**DATASET SECTION:**
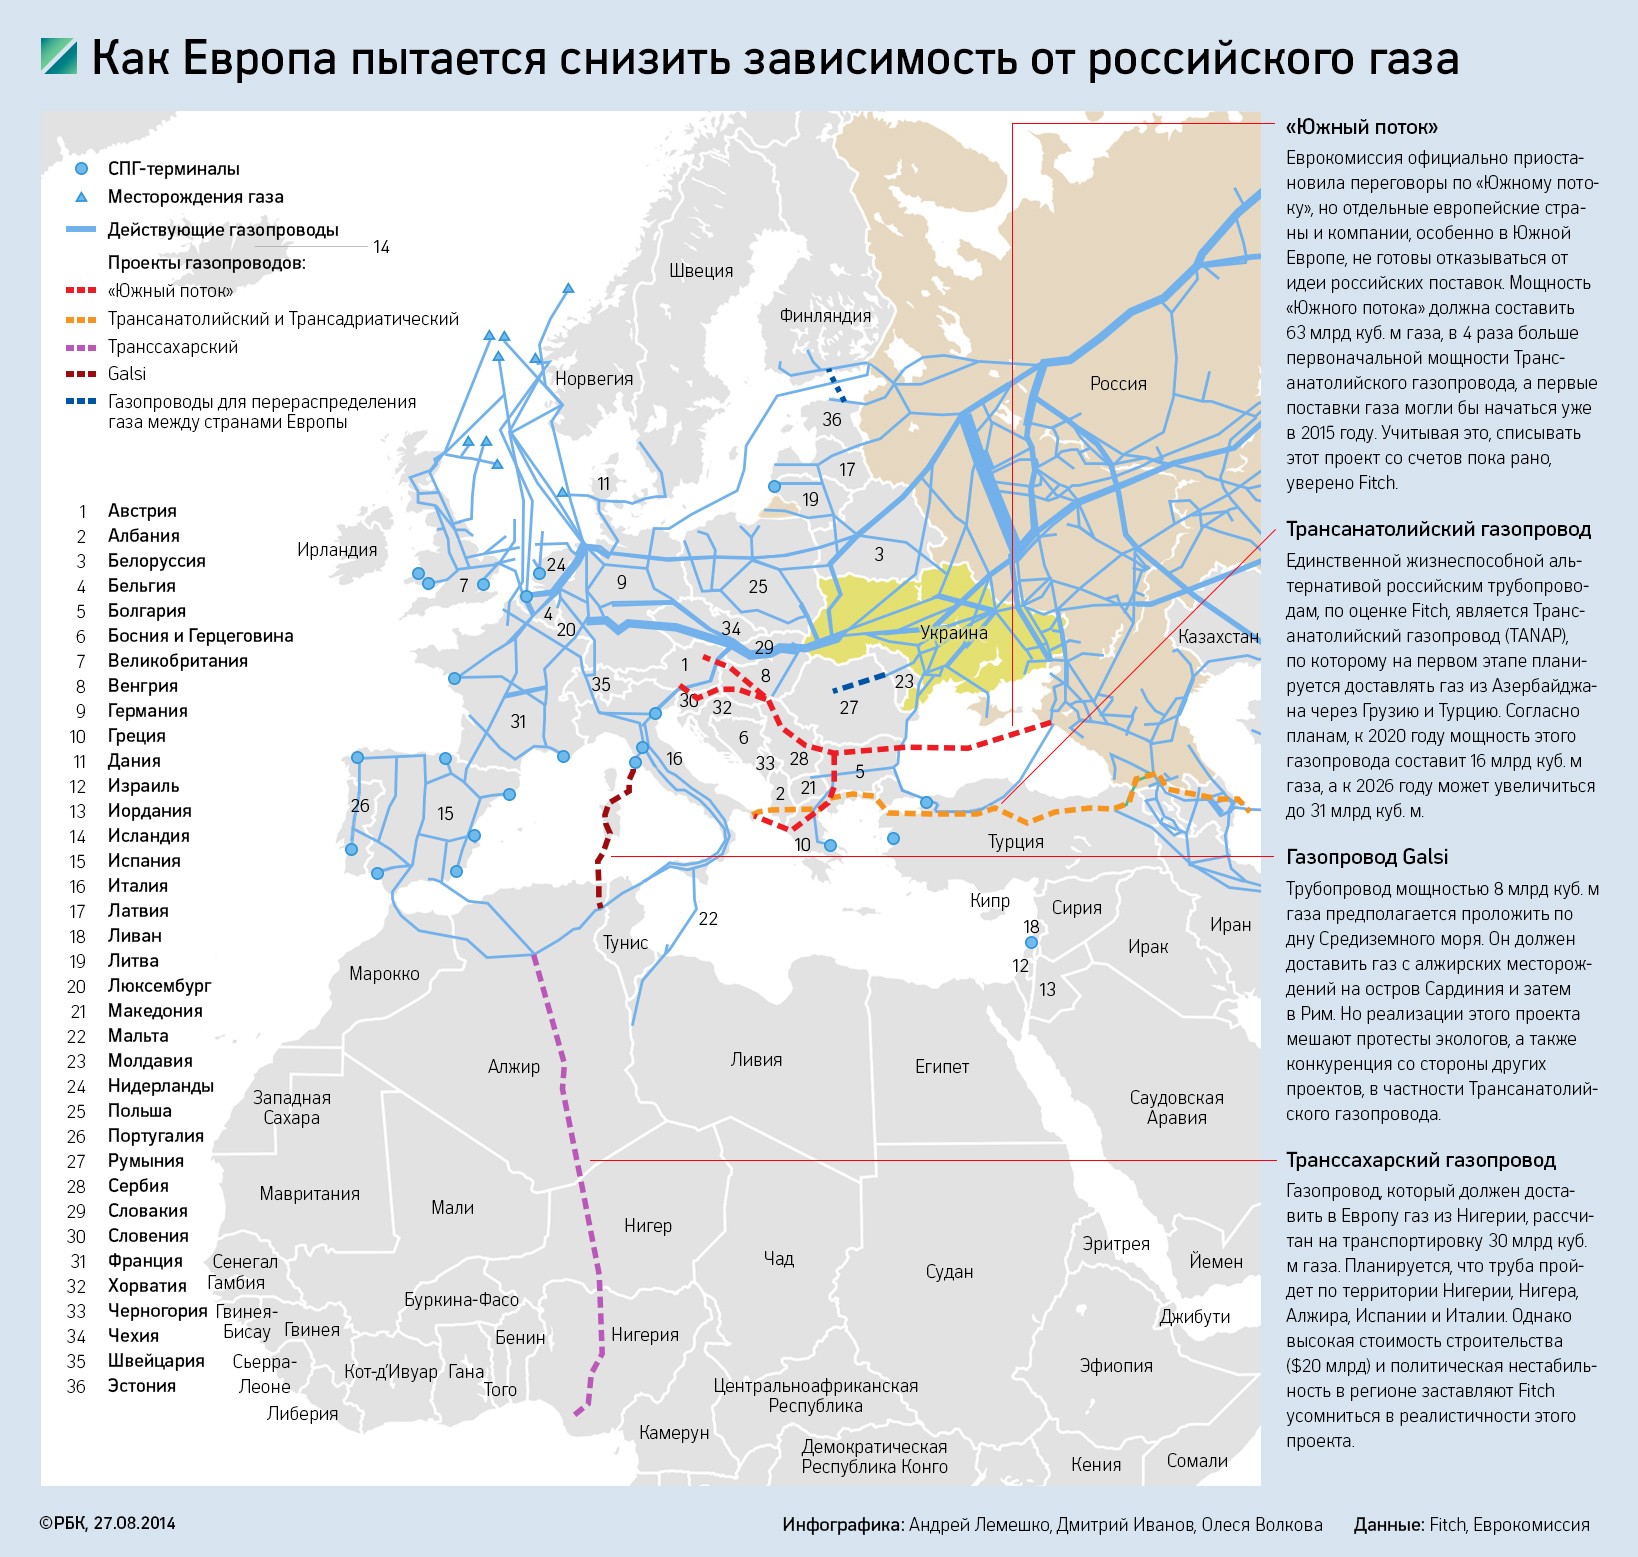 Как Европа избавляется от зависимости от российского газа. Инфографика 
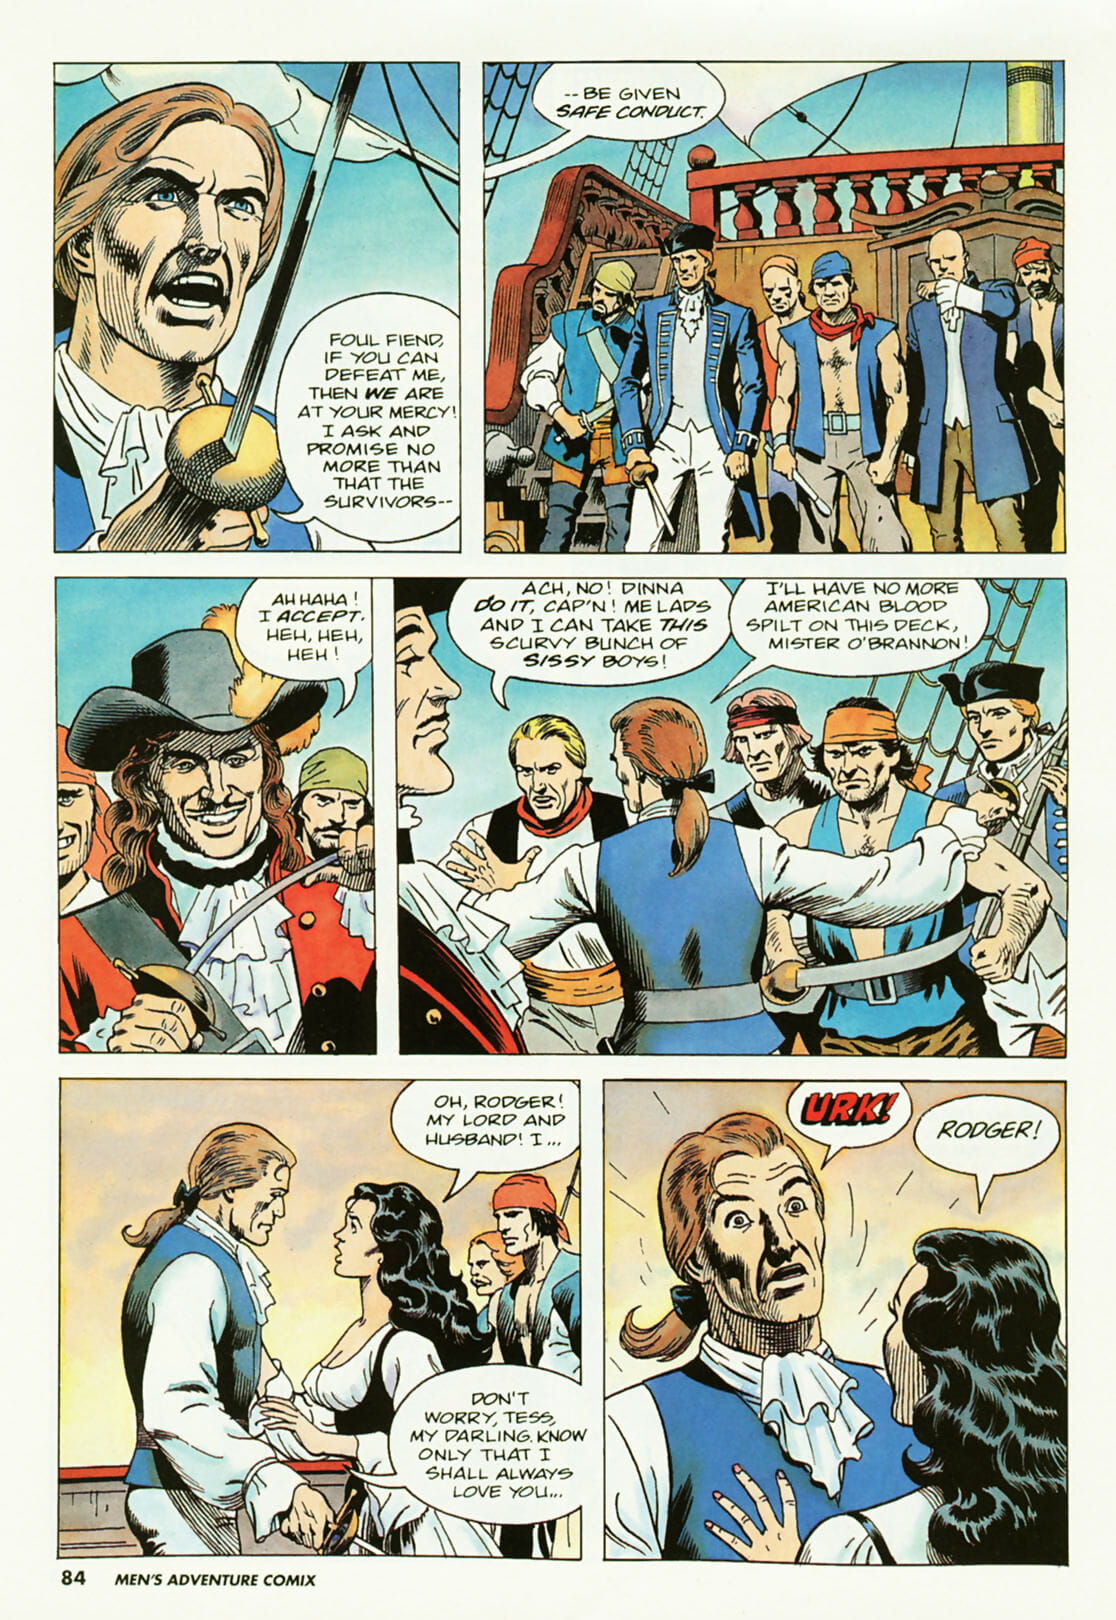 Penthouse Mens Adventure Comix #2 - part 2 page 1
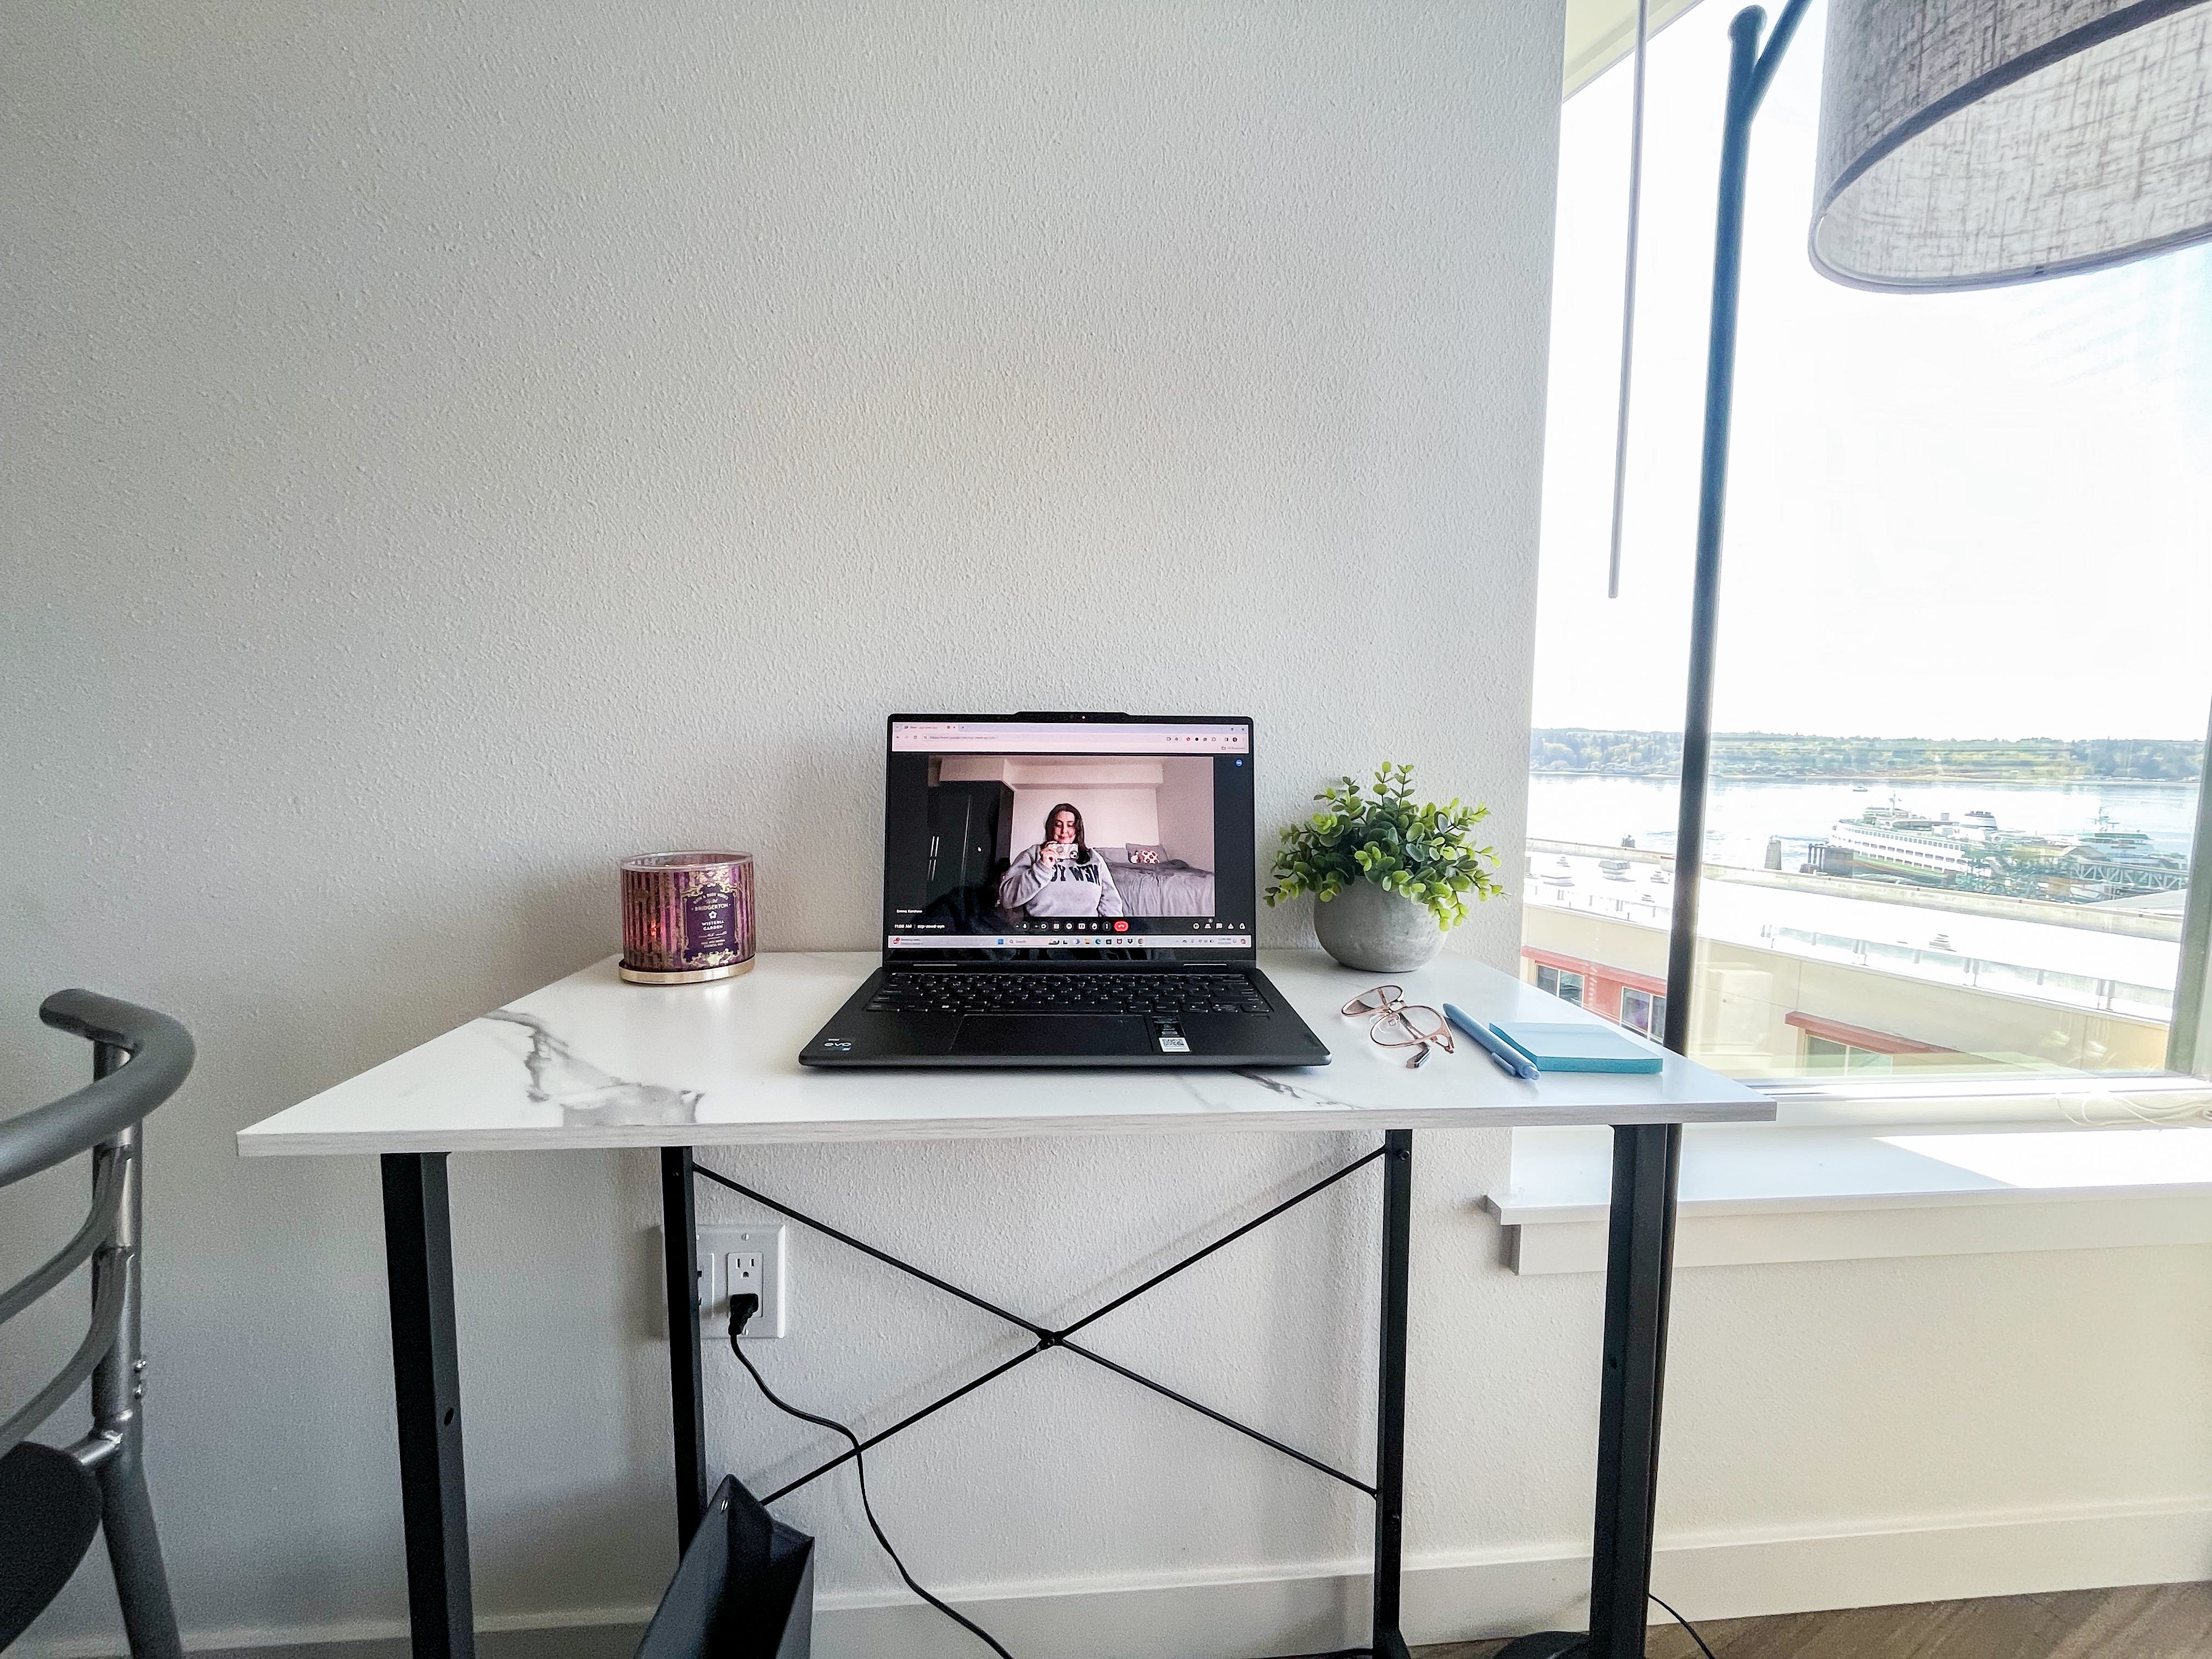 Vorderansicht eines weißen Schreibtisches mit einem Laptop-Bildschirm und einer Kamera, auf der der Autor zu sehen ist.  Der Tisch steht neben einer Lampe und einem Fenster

**WORK INSTRUCTIONS:** With pictures excluded, the material is to be written out exactly as given.

**ANSWER SPACE:**
 Как Европа избавляется от зависимости от российского газа. Инфографика 
 Penthouse Mens Adventure Comix #2 - part 2 page 1
 Vorderansicht eines weißen Schreibtisches mit einem Laptop-Bildschirm und einer Kamera, auf der der Autor zu sehen ist.  Der Tisch steht neben einer Lampe und einem Fenster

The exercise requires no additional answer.